Another method of getting cash for closing costs is through the use of "lender" concessions. You agree to pay a higher interest rate then you otherwise would be required to do. In return the lender supplies additional money at closing to pay some of your closing costs. For example, say the rate you would have gotten is 7.5%. The lender charges you 8.25% instead and agrees to give you $1500 at closing to help with your closing costs. Your monthly payment would be slightly higher, but it does allow you to qualify for a loan and purchase a home.

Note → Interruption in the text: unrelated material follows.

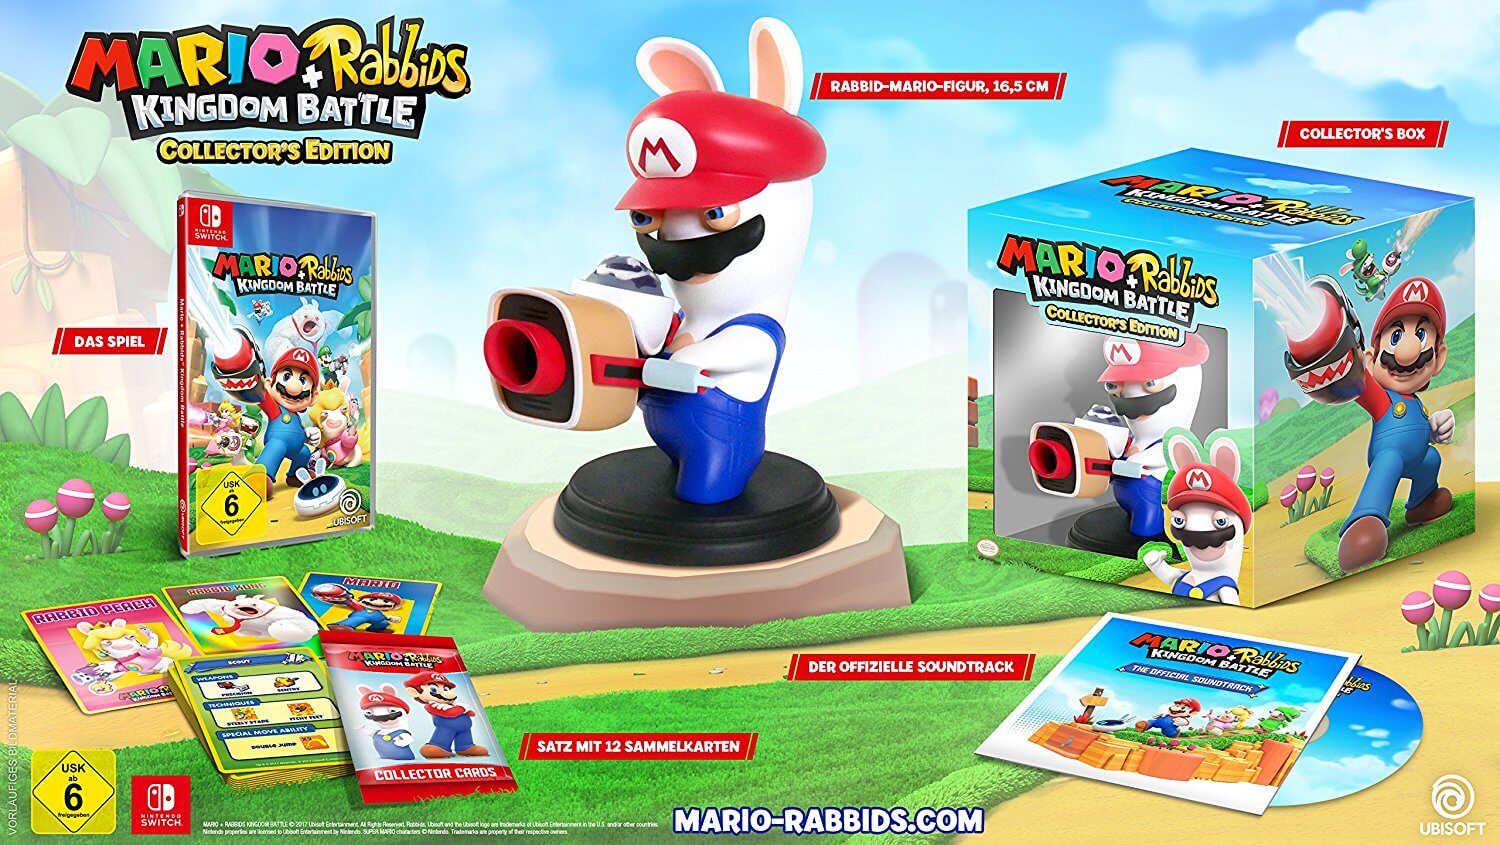 Mario + Rabbids Kingdom Battle Collector's Edition

Many loan programs also allow for gifts from family members towards closing costs. So if you have a parent or sibling who is willing to help you out, this may be another way to help with the cash needed for down payment and closing costs.

Higher Risk Mortgages...

B, C, D Credit Loans: Even if a buyer has a recent foreclosure, bankruptcy, late payments and/or other credit problems there are lenders who will still grant a mortgage. Due to the higher risk these loans generally require higher down payments then regular "A" credit type loans. These down payments usually will range from 15% to 30% of purchase price. Normal "A" credit down payments run 3% to 10%. Interest rates will be higher also. "B, C, D" credit will usually require interest rates of 10% to 14% and higher. Normal "A" credit rates run 6.5% to 8% currently. Also, closing costs will be higher and range from $2000 to $5000 additional over "A" credit deals.

Nonetheless, it does give certain buyers, in particular those with extra cash available, the opportunity to own now, re-establish good credit and then refinance to normal interest rates in two to three years. However, great care needs to be exercised with this method. There are many lenders who can easily take advantage of you and over charge you. Sometimes the credit issues that you believe may cause a problem and that a B, C, D credit lender say warrant them charging you more, actually aren't that bad.

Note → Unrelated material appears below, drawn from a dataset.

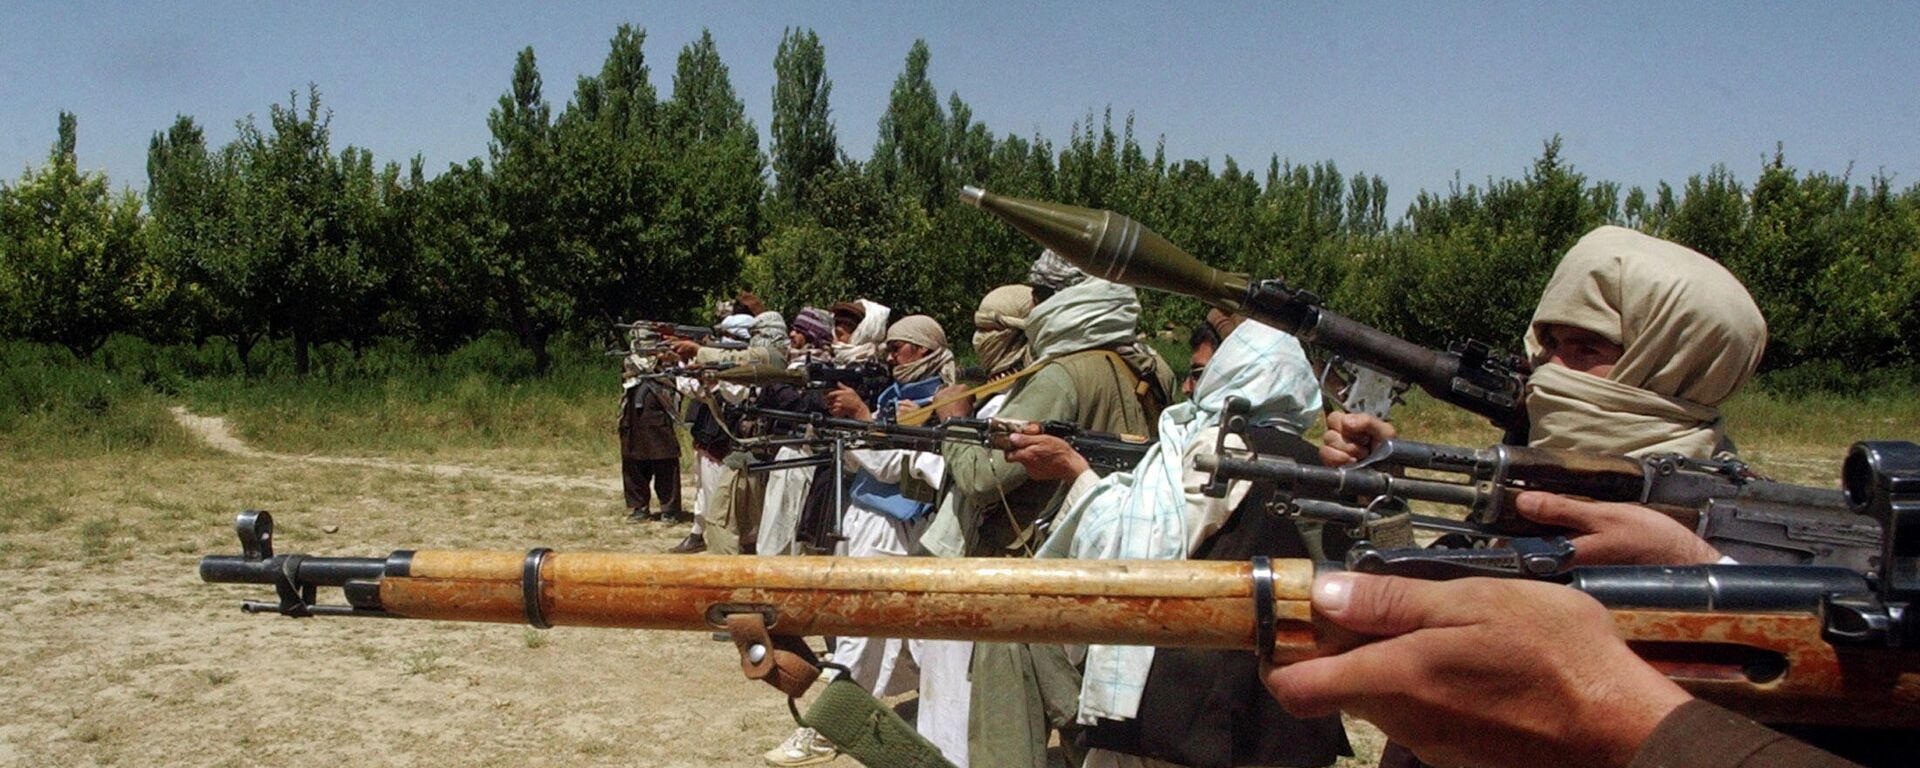 Милитанти покрета Талибан у Авганистану - Sputnik Србија, 1920, 06.09.2021

Perhaps it would be better to attempt to clean up your credit first, delay your home buying by 6 months and then reapply to obtain a mortgage with better terms. Your best bet is to follow our suggestions with respect to obtaining your credit profiles first, cleaning up any inaccuracies, negotiating and clearing off any collections or judgments and then approaching lenders with your cleaned up report. This will give you a better opportunity to get a lower down payment, lower interest rate and lower closing cost mortgage.